Concluding our week long celebration of International Women’s Day, we feature our consultant Cathy Moscardini.
What does International Women’s Day mean to you?
IWD is a celebration of the progress women have made over the last 100 years, and a recognition of the way we have to go. It’s obviously amazing to see schools, organisations and companies putting on events and raising awareness for IWD, but let this be a spark for people to take action after today.

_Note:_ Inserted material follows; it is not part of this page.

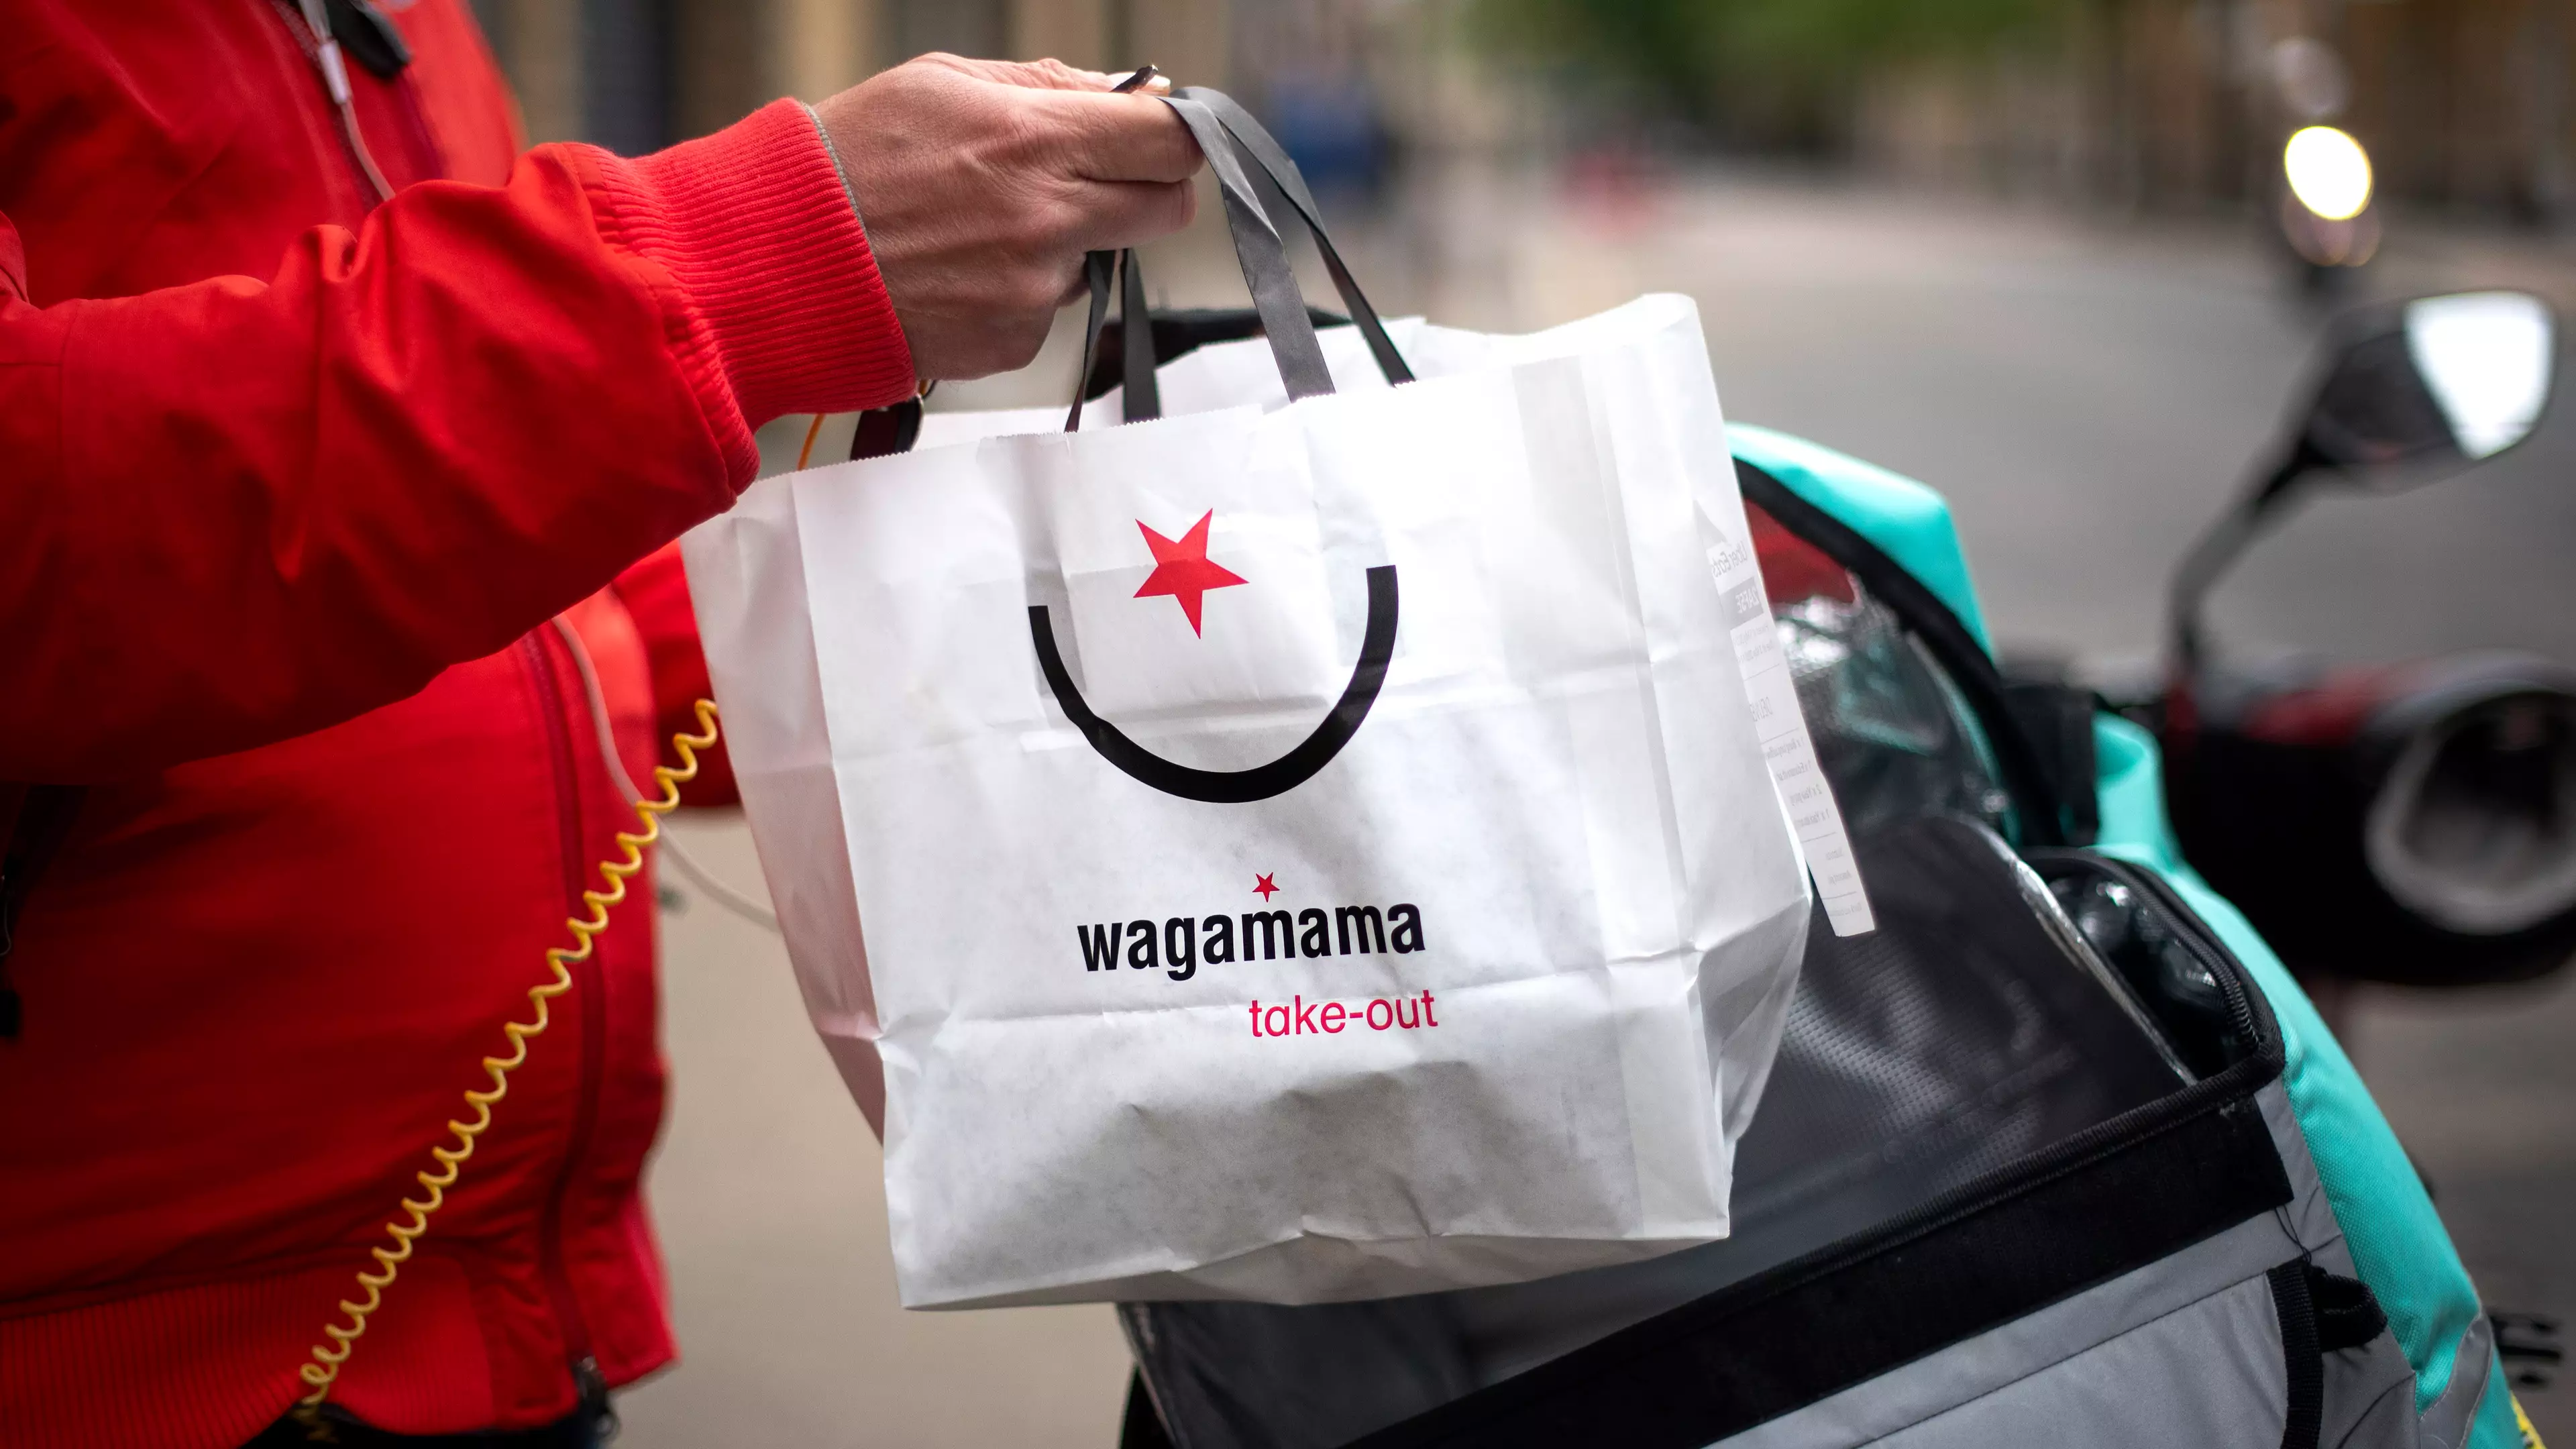 Someone Ordered 13 Katsu Sauces And Nothing Else From Wagamama - And They Want To Know Who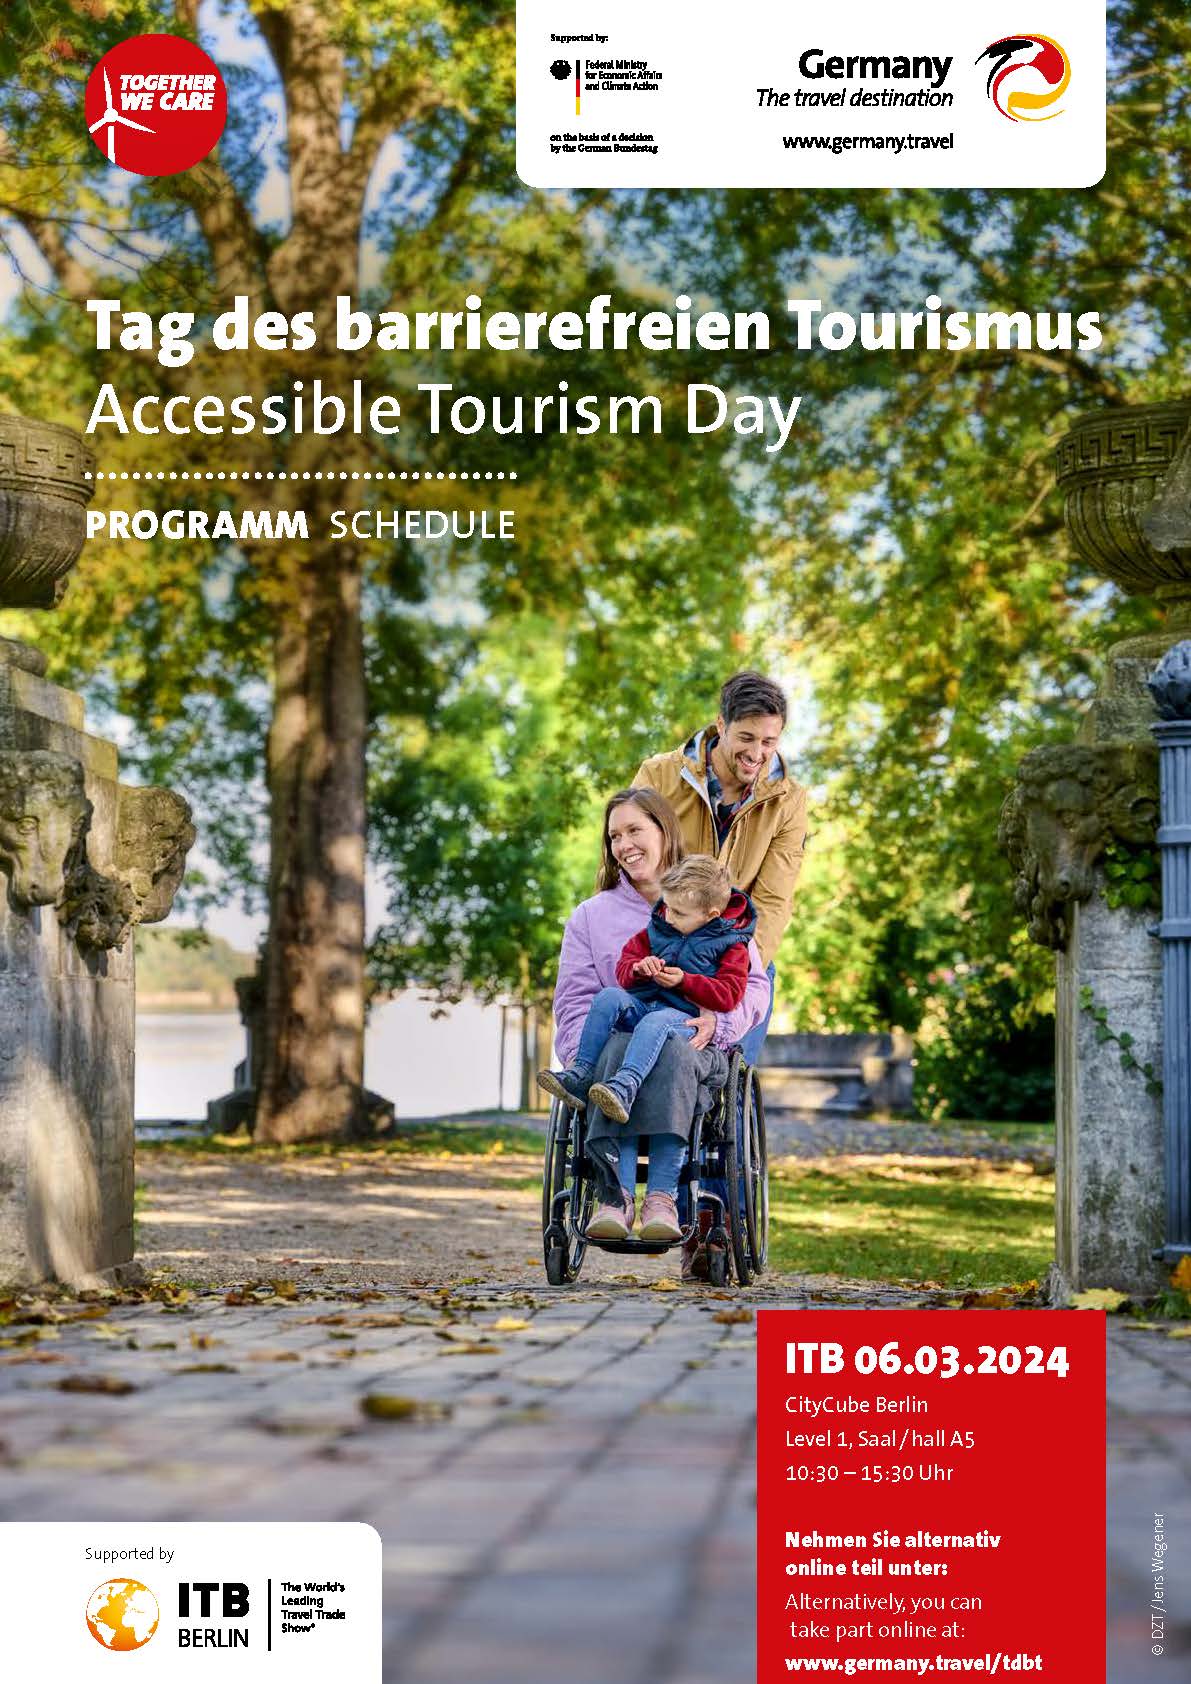 Program booklet for Accessible Tourism Day

Have you experienced any negative gender-related issues in your career?
If you’ve ever been in an admin role, you’ve probably experienced people thinking that because you are a young woman in an admin role, that you aren’t bright and you are below them. This needs to change!
I also personally hate it when people address one or more women as ‘girls’ in the workplace. You wouldn’t say ‘boys’ to a group of men at work so why should we put up with it the other way round.
I’ve also been in situations in recruiting new employees where I see that characteristics that are traditionally seen as male are favoured over ‘female characteristics’. This is something that we can easily remedy by checking our self and our own biases.
What advice would you give your younger self as you started to navigate your career?
Persevere when making your voice heard. We’ve all been in situations where there’s someone that keeps speaking and doesn’t say anything, but also doesn’t give anyone else a chance to speak (more often than not it’s a man, just saying). If you have a point to make, don’t give up. People will be glad you spoke up.
What would your hopes be for Women and specifically around the theme of #PressforProgress?
My hopes for women in the workplace and #PressforProgress include all the normal things we talk about like more senior women, no gender pay gap, and a culture of equality in the workplace. One thing that is often overlooked is a culture of equality also means breaking male stereotypes in the workplace as well. It’s no wonder we aren’t seeing progress at the rate we want when we aren’t creating a culture where it’s okay for men to care for children and work flexibly. Creating policies is all very well and good, but creating a culture where this is the norm is much more difficult. We need to see more examples of both senior men and women in society and in the workplace with diverse work-home-life experiences. When we stop hearing comments about how great it is when a man takes paternity leave or works flexibly, that’s when we’ll know it’s the norm.